Введенные понятием субъект-объектного дуализма во всю полноту построяемой им области культуры, мы дали принципиальную классификацию всех форм творчества и установили связь всех полученных нами групп друг с другом, а равно и отношение каждой группы к полюсу переживания, именуемому жизнью.

Приступая теперь к миросозерцательному завершению всего моего по­строения, я должен прежде всего отвергнуть всякую мысль о возможности отстроить это миросозерцательное завершение в форме каких бы то ни было метафизических теорий или хотя бы только гипотез. Гипотезы же эти напра­шиваются сами собою. Всё мое построение может сейчас же превратиться в остов метафизической системы, если я положу начало положительного все­единства как начало абсолютное, всё несущее в себе и все порождающее из себя, если я поставлю себе задачу дедуцировать из этого начала все неисчер­паемые формы творчества, формы мира, жизни и смысла, если задамся целью объяснить себе необходимость этого раскрытия абсолютного единст­ва в бесконечной множественности и возвращение этой множественности в свой первоисточник, в абсолютное начало — положительного всеединства, если я подыму, одним словом, не только не разрешенные, но по всему свое­му существу не разрешимые вопросы монизма, дуализма и плюрализма, во­просы единопричинности, абсолютного творчества, наличности в мире изна­чального зла и т.д. и т.д. 

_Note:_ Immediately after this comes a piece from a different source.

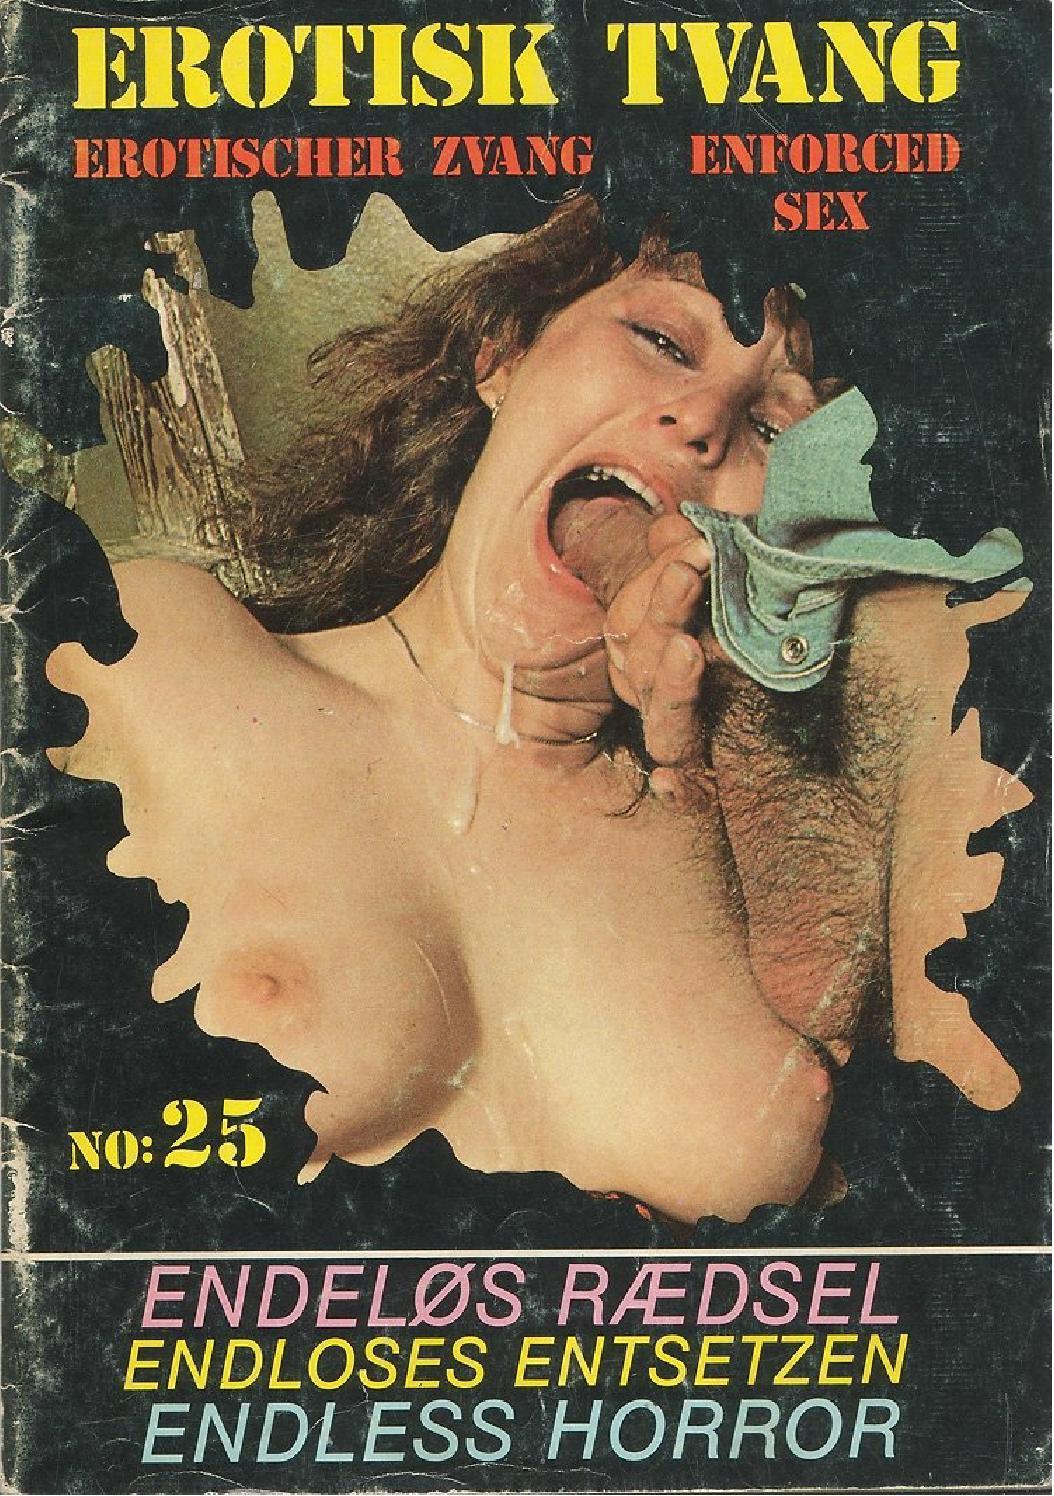 Erotisk tvang 25 by Lijichirayil  issuu

Не нужно, однако, никаких особенных доказательств, чтобы вскрыть полную неприменимость такого рода надстройки на возведенном мною фун­даменте феноменологически и научно философски добытых понятий жизни и творчества.

Принимая в целях отклонения намеченной мною метафизической систе­мы её же философский язык, я должен прежде всего сказать, что положи­тельное всеединство отнюдь не есть для меня само абсолютное. Оно есть в лучшем смысле логический символ этого абсолютного, да и то не абсолют­ного как оно есть на самом деле и в самом себе, но как оно дано в пережи­вании. А потому ясно, что полагать положительное всеединство как положи­тельную основу всего мира совершенно бессмысленно; если мир вообще имеет основу своего бытия и первопричину своего становления (как то ут­верждает метафизика), то эта основа и эта первопричина скрываются во вся­ком случае в нём самом, но никак не в логическом символе его самого как переживания. А если так, т.е. если в понятии положительного всеединства я даже и не пытаюсь мыслить само абсолютное, то ясно, что дедуцировать из этого понятия всю полноту творческих форм является заданием абсолютно невозможным и праздным: ибо если все формы мира жизни и мысли и имеют вообще какой-нибудь абсолютный первоисточник своего бытия и своей значимости, как то утверждает метафизика, то опять-таки этим перво­источником может быть только то абсолютное, о котором я ничего не знаю и из которого потому ничего дедуцировать не могу, но никак не одна из творческих форм научно-философского ряда, какою всецело является поня­тие положительного всеединства.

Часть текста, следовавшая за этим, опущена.